Cherrie and Miller spent the day at the really capital zoological gardens, with the curator, Miss Snethlage. Miss Snethlage, a German lady, is a first rate field and closet naturalist, and an explorer of note, who has gone on foot from the Xingu to the Tapajos. Most wisely she has confined the Belen zoo to the animals of the lower Amazon valley, and in consequence I know of no better local zoological gardens. She has an invaluable collection of birds and mammals of the region; and it was a privilege to meet her and talk with her.

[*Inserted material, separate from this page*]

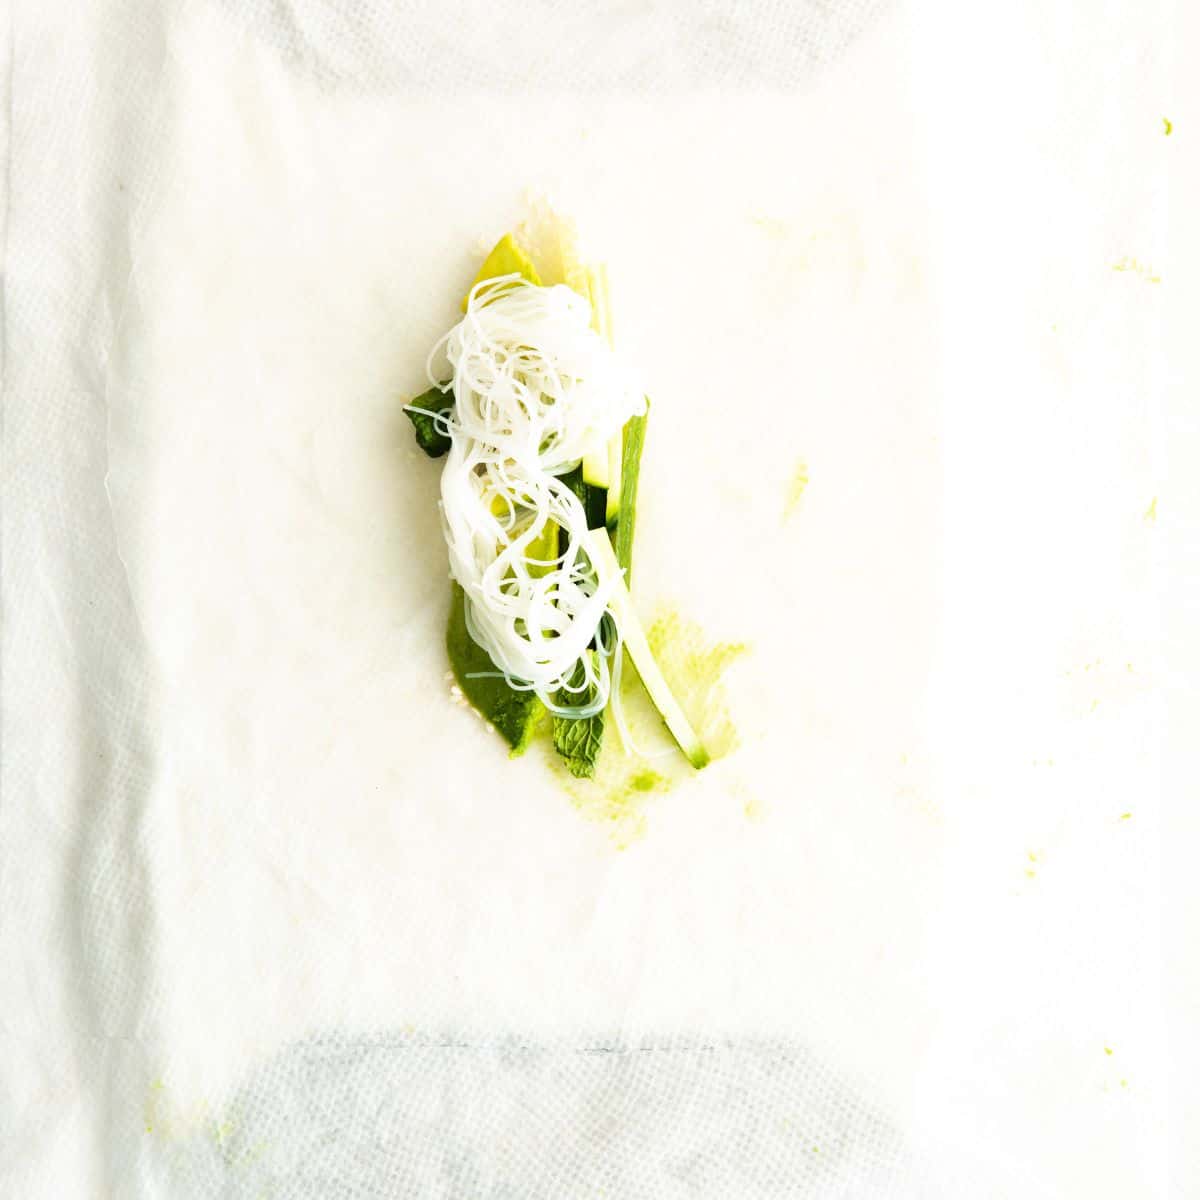 A rice wrapper with avocados and rice noodles.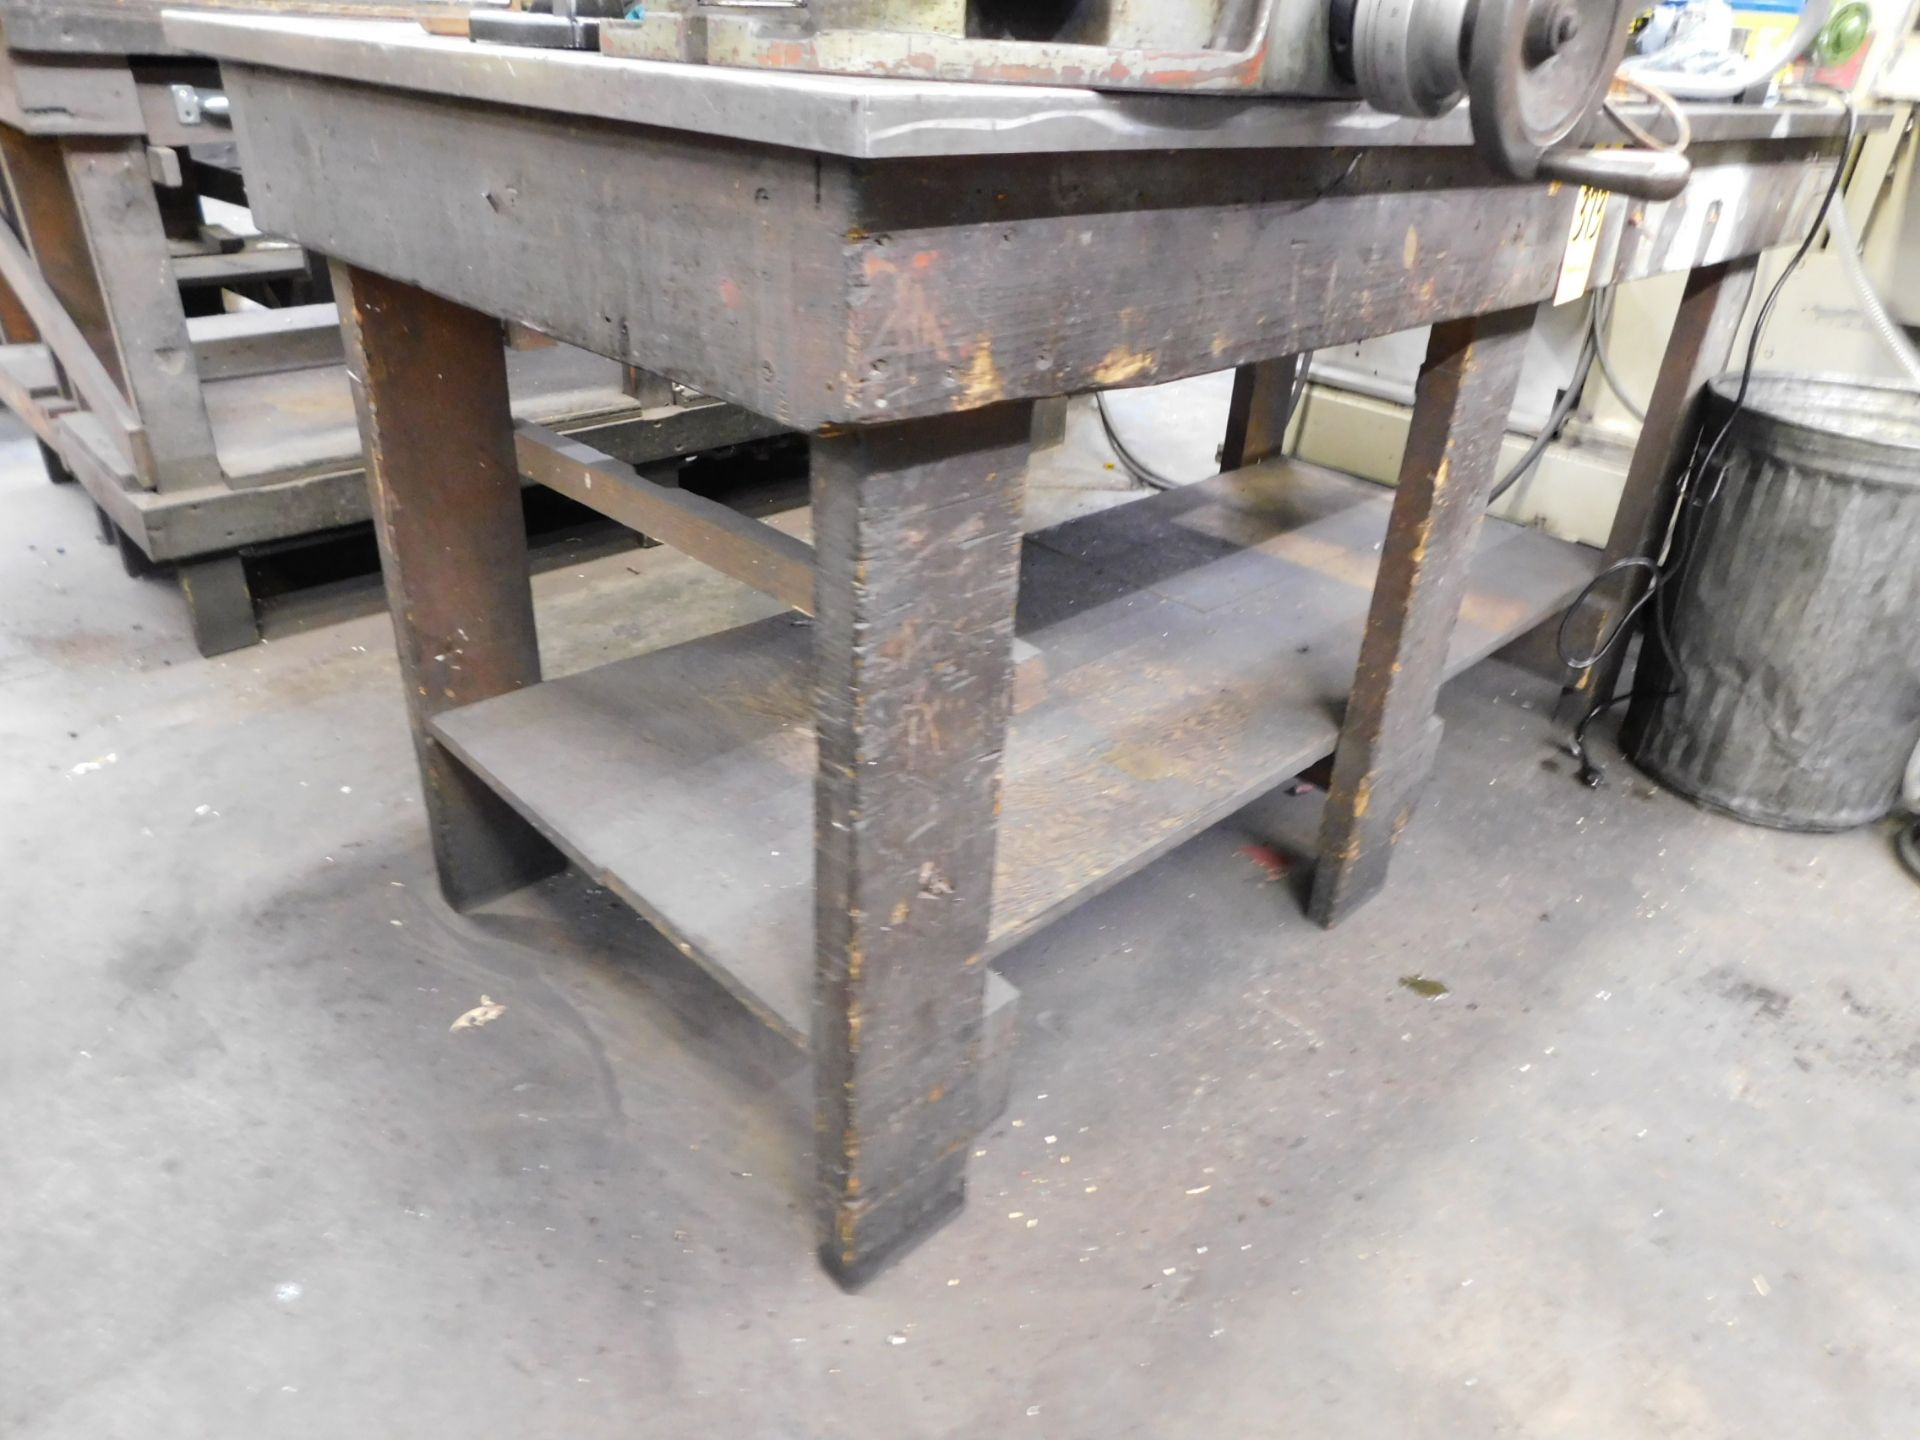 Wooden Shop Table with Metal Top, 36" X 72" X 36" H

We also met Professor Farrabee, of the University of Pennsylvania, the ethnologist. He had just finished a very difficult and important trip, from Manaos by the Rio Branco to the highlands of Guiana, across them on foot, and down to the seacoast of British Guiana. He is an admirable representative of the men who are now opening South America to scientific knowledge.
On May 7 we bade good-by to our kind Brazilian friends and sailed northward for Barbados and New York.
Zoologically the trip had been a thorough success. Cherrie and Miller had collected over twenty-five hundred birds, about five hundred mammals, and a few reptiles, batrachians, and fishes. Many of them were new to science; for much of the region traversed had never previously been worked by any scientific collector.
Of course, the most important work we did was the geographic work, the exploration of the unknown river, undertaken at the suggestion of the Brazilian Government, and in conjunction with its representatives. No piece of work of this kind is ever achieved save as it is based on long continued previous work. As I have before said, what we did was to put the cap on the pyramid that had been built by Colonel Rondon and his associates of the Telegraphic Commission during the six previous years. It was their scientific exploration of the chapadao, their mapping the basin of the Juruena, and their descent of the Gy- Parana that rendered it possible for us to solve the mystery of the River of Doubt.